In this work, we prepared HPEI-G, a composite based on HPEI and GO, and used it as a shale inhibitor to test its inhibition performance, determine its inhibition mechanism, and evaluate its compatibility in WBM. It was observed from the linear swelling test that 0.5 wt% HPEI-G reduced the swelling rate of MMT to 30.36%, and KCl only decreased the swelling rate of MMT to 43.83%, the concentration of which was double that of HPEI-G. The inhibition performance evaluation tests proved that the inhibition effect of HPEI-G was better than that of other inhibitors, and the addition of HPEI-G was less. From the SEM, it was observed that the surface of MMT hybrid compounded with 0.5 wt% HPEI-G was dense and the pores were small.
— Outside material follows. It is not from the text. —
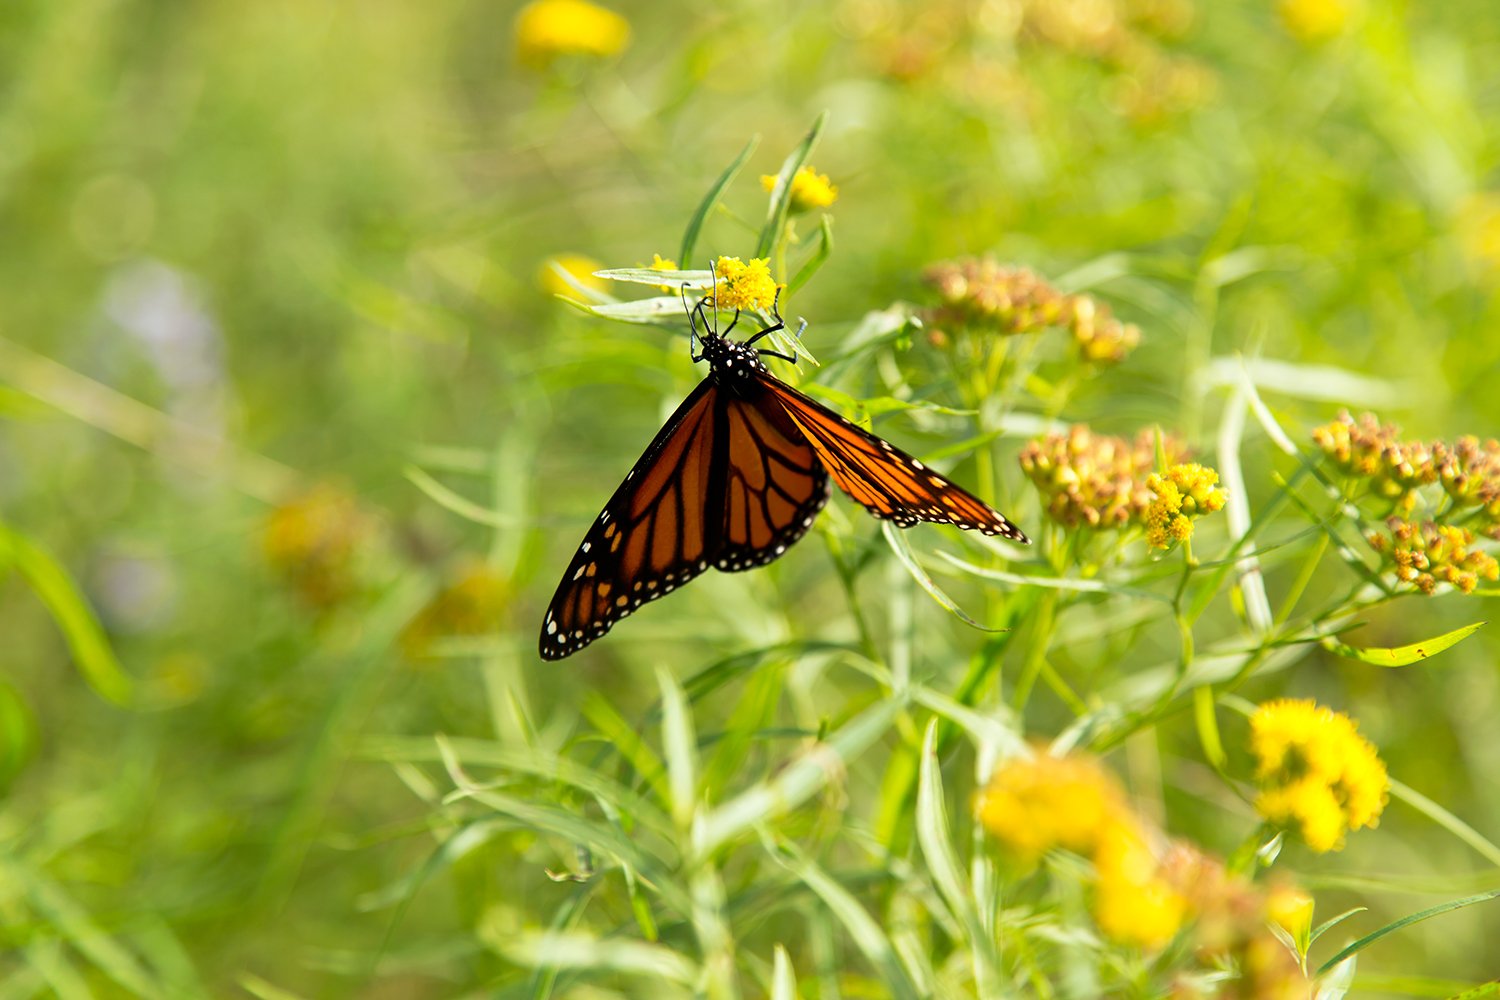   Agloe, NY (Monarch Butterfly (Danaus Plexippus&nbsp;#1)  Photographic documentation

The inhibition mechanism of HPEI-G included chemical adsorption and physical blockage. HPEI-G was adsorbed on the surface and interlayer of MMT by hydrogen bonding and electrostatic attraction, thus reducing the diffuse electric double layer to inhibit the hydration of MMT. The sheets of graphene in HPEI-G allowed it to stick on the surface of shale and it plug the nanopores of shale, preventing the access of water. The inhibition effect of HPEI-G in WBDF over a temperature range from room temperature to 150 °C was considered to be excellent.

Conflicts of interest

There are no conflicts to declare.

Acknowledgements

We would like to thank the Basic Research Program on Deep Petroleum Resource Accumulation and Key Engineering Technologies (U19B6003) for their financial support of this work.